● Task: Reproduce exactly the lines below, starting with the line that contains "APAYA Handbags Margarita Yellow/Natural" and ending with the last line of the records, both included, and nothing else.

● Records to use:
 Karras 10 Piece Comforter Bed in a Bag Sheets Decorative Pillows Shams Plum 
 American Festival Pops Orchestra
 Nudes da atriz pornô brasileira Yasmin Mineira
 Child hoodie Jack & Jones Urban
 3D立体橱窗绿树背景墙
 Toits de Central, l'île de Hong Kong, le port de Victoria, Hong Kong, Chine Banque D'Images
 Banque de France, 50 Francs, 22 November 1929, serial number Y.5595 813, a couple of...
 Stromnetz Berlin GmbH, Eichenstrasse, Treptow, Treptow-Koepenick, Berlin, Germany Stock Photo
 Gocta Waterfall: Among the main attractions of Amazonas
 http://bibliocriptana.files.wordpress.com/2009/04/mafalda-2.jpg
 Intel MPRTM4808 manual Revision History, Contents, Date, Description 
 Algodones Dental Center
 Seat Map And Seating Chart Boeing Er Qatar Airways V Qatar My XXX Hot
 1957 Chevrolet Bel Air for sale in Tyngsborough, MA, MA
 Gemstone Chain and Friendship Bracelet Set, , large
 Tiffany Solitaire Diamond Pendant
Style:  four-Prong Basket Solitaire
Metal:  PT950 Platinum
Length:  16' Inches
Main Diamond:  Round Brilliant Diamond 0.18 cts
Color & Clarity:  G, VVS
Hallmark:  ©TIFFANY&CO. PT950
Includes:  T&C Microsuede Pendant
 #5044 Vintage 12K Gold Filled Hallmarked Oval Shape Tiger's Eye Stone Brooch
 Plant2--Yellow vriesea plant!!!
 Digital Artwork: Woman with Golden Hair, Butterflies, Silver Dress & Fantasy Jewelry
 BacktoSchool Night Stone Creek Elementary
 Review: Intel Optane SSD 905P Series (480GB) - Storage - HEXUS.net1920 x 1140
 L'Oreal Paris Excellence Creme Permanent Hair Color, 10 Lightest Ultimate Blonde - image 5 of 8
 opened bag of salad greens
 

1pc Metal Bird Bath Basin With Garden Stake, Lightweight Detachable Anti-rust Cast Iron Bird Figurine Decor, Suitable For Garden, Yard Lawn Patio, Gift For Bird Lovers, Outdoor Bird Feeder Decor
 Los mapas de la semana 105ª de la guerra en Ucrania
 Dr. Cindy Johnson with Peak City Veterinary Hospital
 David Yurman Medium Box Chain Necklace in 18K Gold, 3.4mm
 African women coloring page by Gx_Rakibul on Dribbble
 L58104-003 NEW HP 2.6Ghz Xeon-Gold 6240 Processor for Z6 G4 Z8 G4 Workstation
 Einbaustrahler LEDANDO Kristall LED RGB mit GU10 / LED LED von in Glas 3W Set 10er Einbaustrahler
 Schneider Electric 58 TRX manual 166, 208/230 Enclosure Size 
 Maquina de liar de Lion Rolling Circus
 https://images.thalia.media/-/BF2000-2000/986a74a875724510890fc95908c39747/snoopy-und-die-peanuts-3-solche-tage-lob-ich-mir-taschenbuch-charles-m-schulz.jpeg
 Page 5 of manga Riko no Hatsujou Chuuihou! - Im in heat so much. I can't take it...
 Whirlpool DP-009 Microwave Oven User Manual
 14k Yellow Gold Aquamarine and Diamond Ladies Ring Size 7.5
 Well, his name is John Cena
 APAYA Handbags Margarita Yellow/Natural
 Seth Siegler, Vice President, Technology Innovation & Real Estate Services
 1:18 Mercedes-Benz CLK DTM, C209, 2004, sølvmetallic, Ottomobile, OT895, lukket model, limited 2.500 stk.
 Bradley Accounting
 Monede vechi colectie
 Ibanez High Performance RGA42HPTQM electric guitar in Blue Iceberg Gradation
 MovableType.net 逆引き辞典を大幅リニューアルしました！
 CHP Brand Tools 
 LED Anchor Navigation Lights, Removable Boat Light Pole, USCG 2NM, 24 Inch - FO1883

● Response to this exercise:
 APAYA Handbags Margarita Yellow/Natural
 Seth Siegler, Vice President, Technology Innovation & Real Estate Services
 1:18 Mercedes-Benz CLK DTM, C209, 2004, sølvmetallic, Ottomobile, OT895, lukket model, limited 2.500 stk.
 Bradley Accounting
 Monede vechi colectie
 Ibanez High Performance RGA42HPTQM electric guitar in Blue Iceberg Gradation
 MovableType.net 逆引き辞典を大幅リニューアルしました！
 CHP Brand Tools 
 LED Anchor Navigation Lights, Removable Boat Light Pole, USCG 2NM, 24 Inch - FO1883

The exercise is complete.